The Last Tsar of Russia
Or why even though Vladimir Putin has to die, he probably just needs a hug.
Vladimir Putin is the face of modern Russia. Born in 1952, his story is woven intimately through her history. His grandfather Spiridon Putin was a noted chef who was once left a massive tip by Rasputin for the quality his work and the similarity in their names. He eventually became the personal chef to both Lenin and Stalin. His son would marry Putin’s mother. World War 2 left it’s mark on Putin’s family, as it did to most every Russian family. His father was left severely wounded and several of the relatives on his mother’s side died. Young Vladimir Putin was youngest of his parents children, and the only one to survive beyond youth. Functionally, he grew up an only child.
Young Vlad made his name as a KGB agent before leaving the agency to pursue a political career in the office of the Mayor of St. Petersburg in 1991. He rose quickly through the ranks, eventually joining the office of premier Boris Yeltsin. He made himself indispensable, and ran Russia in all but name by 1999. He became president in 2000 and has been on top of Russian politics ever since. Since 2004 he has centralized a huge amount of political, military and financial power in Russia under the direct control of himself and his friends. They have followed in the footsteps of many Russian leaders of the past by doubling down on their autocratic power, and promoting a traditional view of Russia, separate from the rest of western civilization. Putin’s government rests on the approval of Russian conservatives. These folks reject political liberalism, gay rights, and foreign immigration as “western degeneracy” and see Putin as a champion of Russian culture and values.
The war he has unleashed in Ukraine in the service of these values has been cast in the west as a battle between liberty and autocracy. Before the shooting started I sympathized with the Russian position for a variety of reasons, but the brutality of the war has changed my mind. The Russian Federation has been openly celebrating it’s crimes against humanity in general and Ukrainians in particular during the war in Ukraine and the war itself was explicitly launched on the premise of erasing Ukrainian national identity, and this remains the stated goal of the Putin regime in Ukraine. Russia has massacred hundreds, if not thousands of Ukrainian cultural and political figures in the territory they’ve occupied. Most Ukrainians seem to have no interest in seeing how many others must be handpicked for death by the Kremlin for the process of Russification to be completed. They would rather fight.
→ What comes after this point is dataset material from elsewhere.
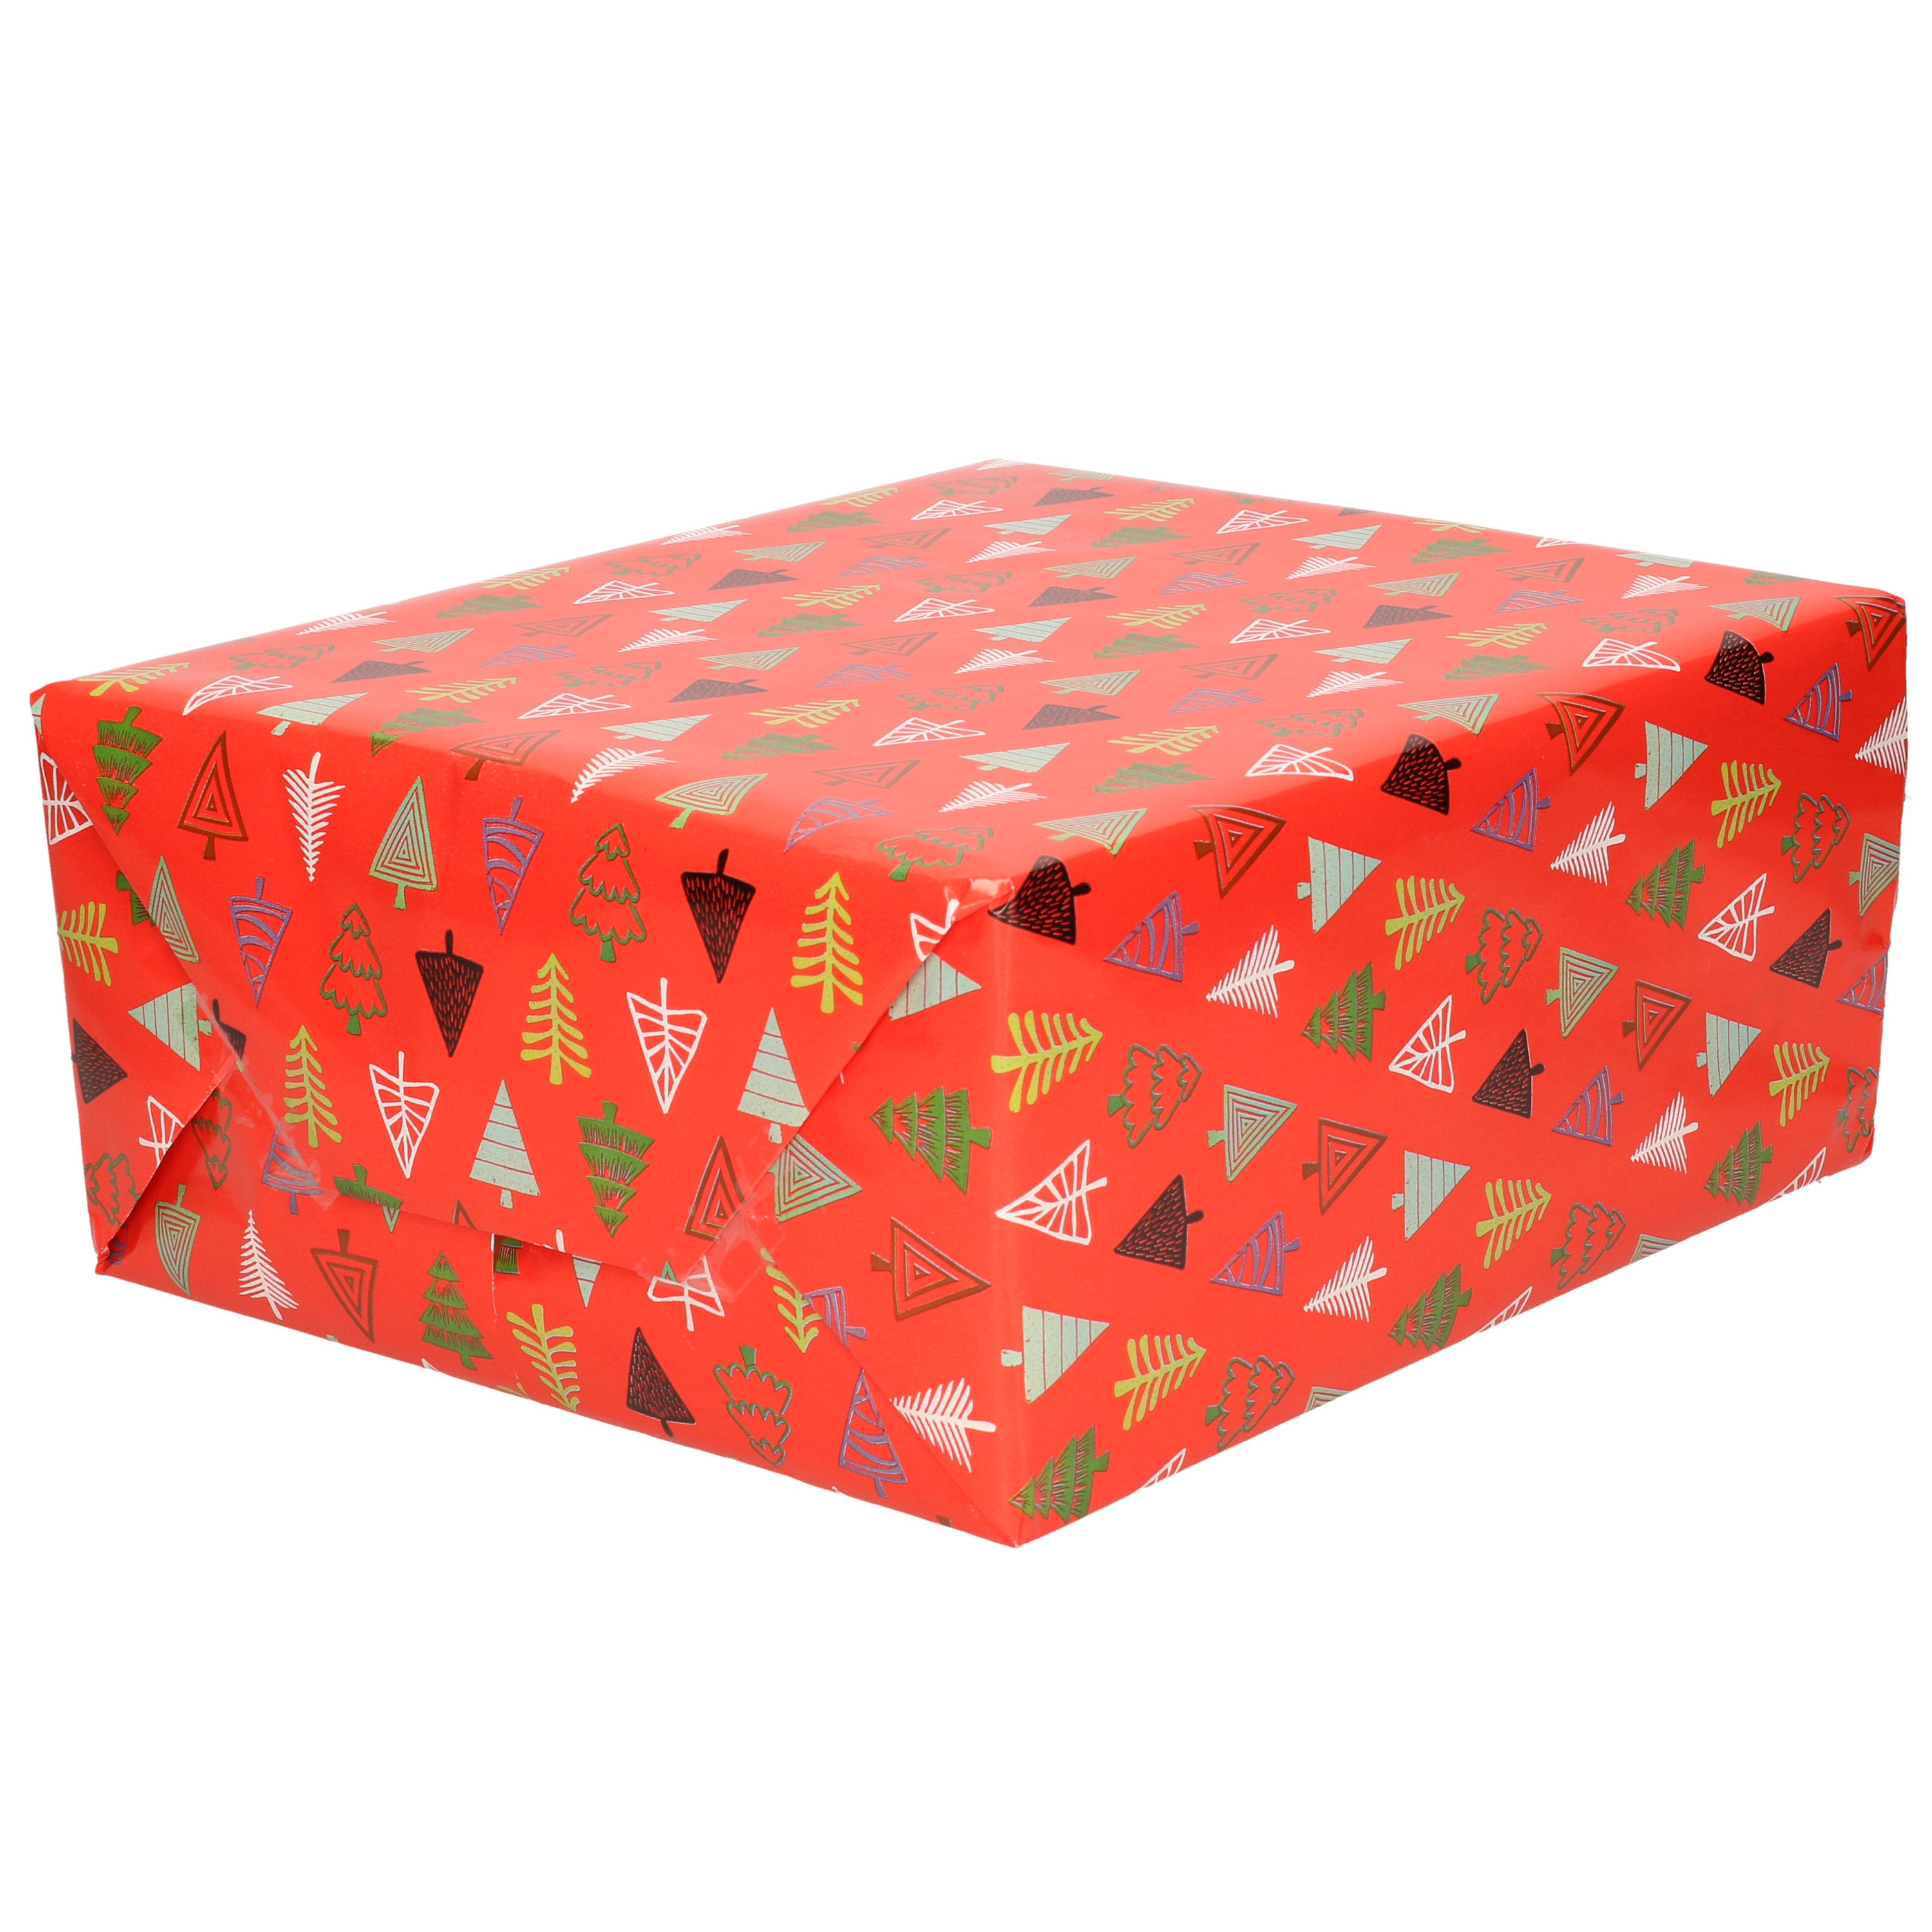 1x Rollen Kerst inpakpapier/cadeaupapier rood/gekleurde bomen 2,5 x 0,7 meter

The other alternative to Ukraine being swallowed whole by Russia is the complete collapse of the Russian Federation. If this happens, Vladimir Putin must die. As the President of Russia, he bears ultimate responsibility for his nation’s sins. He is the villain of this story, and I’m anticipating he will get a villain’s end, but as any student of storytelling will tell you, a good villain must be relatable. They need to have moments that make you wonder if they’re really the good guy…at least until you remember the ocean of blood they’ve spilled in service of their goal.